Opinion

Burning riders’ cash

Every weekday morning, some 200 city buses roll into Manhattan from Staten Is land, packed to the gills. After letting off passengers, they head home — empty — and park at one of three SI depots. Later, they head back to Manhattan — empty again — to collect the commuters and bring them home.

That’s right: 200 buses a day — wasting drivers’ time, burning gas (and dollars), adding wear-and-tear and spewing fumes — just to park. Yet there’s plenty of space at the Mike Quill bus garage on the West Side. It’s just that the transit unions won’t let the buses park there.

Welcome to the wacky world of work rules dictated by the unions: The current labor contract allows only a maximum of 82 Staten Island buses to park at Quill, no matter how much space it has. Beyond that, buses go home — empty.

It’s an unconscionable waste — but just one example of pointless work rules that bleed the MTA, even as a severe budget crunch has triggered painful subway and bus cuts and, soon, another fare hike.

These rules need fixing — fast. Yesterday, MTA brass hinted they had them in their crosshairs; they can’t move fast enough.

Let’s face it: Transit workers aren’t likely to hand back one cent of the fat pay hike they won last year. But if MTA boss Jay Wilder can’t shave wages, he shouldn’t give up. He can aim to fix these onerous, unnecessary, expensive rules.

Actually, he has little choice. Fare hikes alone won’t do the job, and agency brass have already snapped up the low-hanging fruit by axing buses and trains. The $40 million or so in administrative trims they cited yesterday will help, too — but not enough.

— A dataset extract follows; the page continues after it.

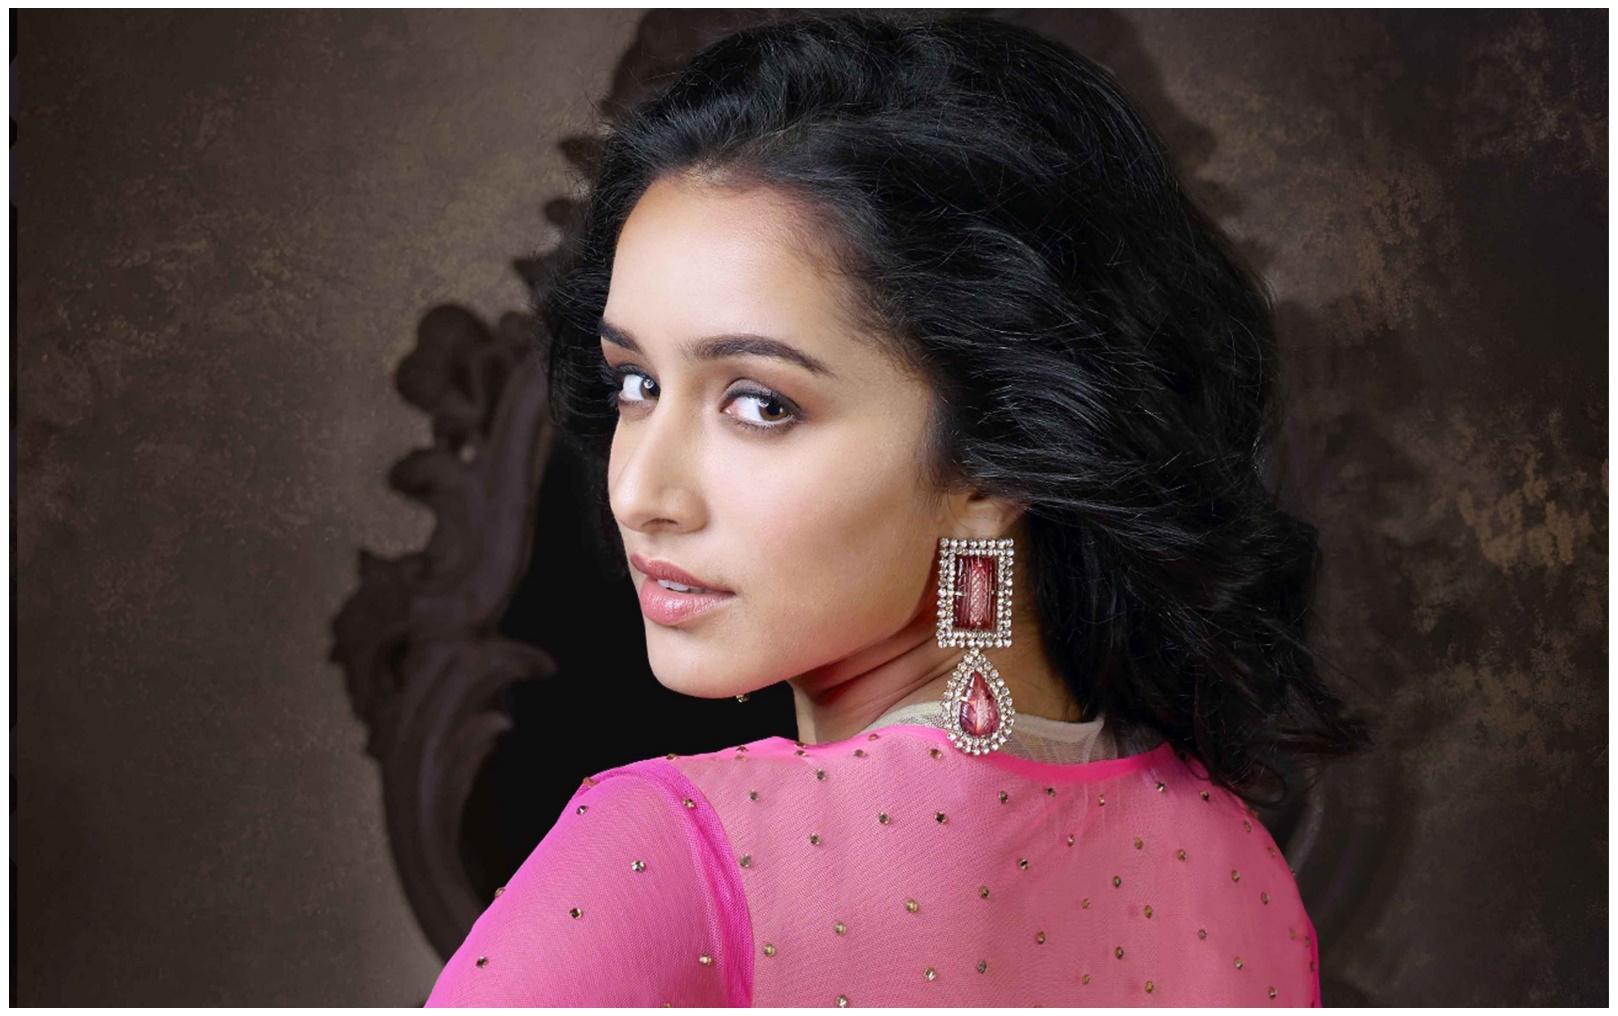 Parineeti Chopra Wallpaper 3d Bollywood Actress Shraddha Kapoor 2017 Hd Wallpapers Hd

All these steps will close only about half of the MTA’s $760 million budget hole (if all goes well). Where will the money come from to plug the rest? (Don’t even think about what happens if the gap grows.)

Work-rule concessions can translate into a bundle of newfound cash, sparing riders further pain. Indeed, the rules are a key factor behind a huge share of operating costs for the MTA, especially its $500 million-a-year overtime bill. Union insistence on two workers per train, rather than one, alone nearly doubles the price tag for subway train manpower.

Nor are the nutty borough-hopping bus-parking rules the only truly bizarre example of waste:

* When it snows, some workers who report for duty may be given snow-related jobs — say, shoveling or mounting chains on tires — outside their normal job descriptions. The work may take a half hour, but employees get time and a half for the whole day.

* Long Island Rail Road crew members may be assigned to particular trains — diesel or electric, for instance, or those ferrying passengers versus empty trains needing to be relocated. Switch a crew member to a different train, and he automatically earns a free extra day’s pay. Sweet — for him.

Such rules make it impossible for managers to maximize efficiency and minimize costs. But that’s the point: Workers wind up accruing all kinds of extra pay and overtime by hamstringing their bosses.

Walder is well-positioned to press for change. For one thing, he’s got a solid six-year contract for himself — and would earn a hefty severance if he’s booted early. What’s he got to lose?

And he may have a trump card: rare public support. City straphangers are outraged about the coming service cuts and fare hikes.

At the same time, folks are increasingly seeing the link between cushy, hold-harmless deals for public-sector employees on the one hand and soaring costs and declining service for the public on the other.

If labor balks at work-rule fixes, Walder can play hardball by threatening more layoffs and a cap on overtime and other discretionary perks. That may well trigger job actions — but if so, workers shouldn’t count on automatic public support; riders may just back management this time around, even if it means more commuting pain in the short term. After all, wasteful work rules also take a toll on riders.

Alternatively, labor may realize that it, too, must give a bit in these strapped times. But one way or another, now’s the time to end these pricey MTA contract perversions.

As Rahm Emanuel might put it, an MTA cash crunch would be a terrible thing to waste.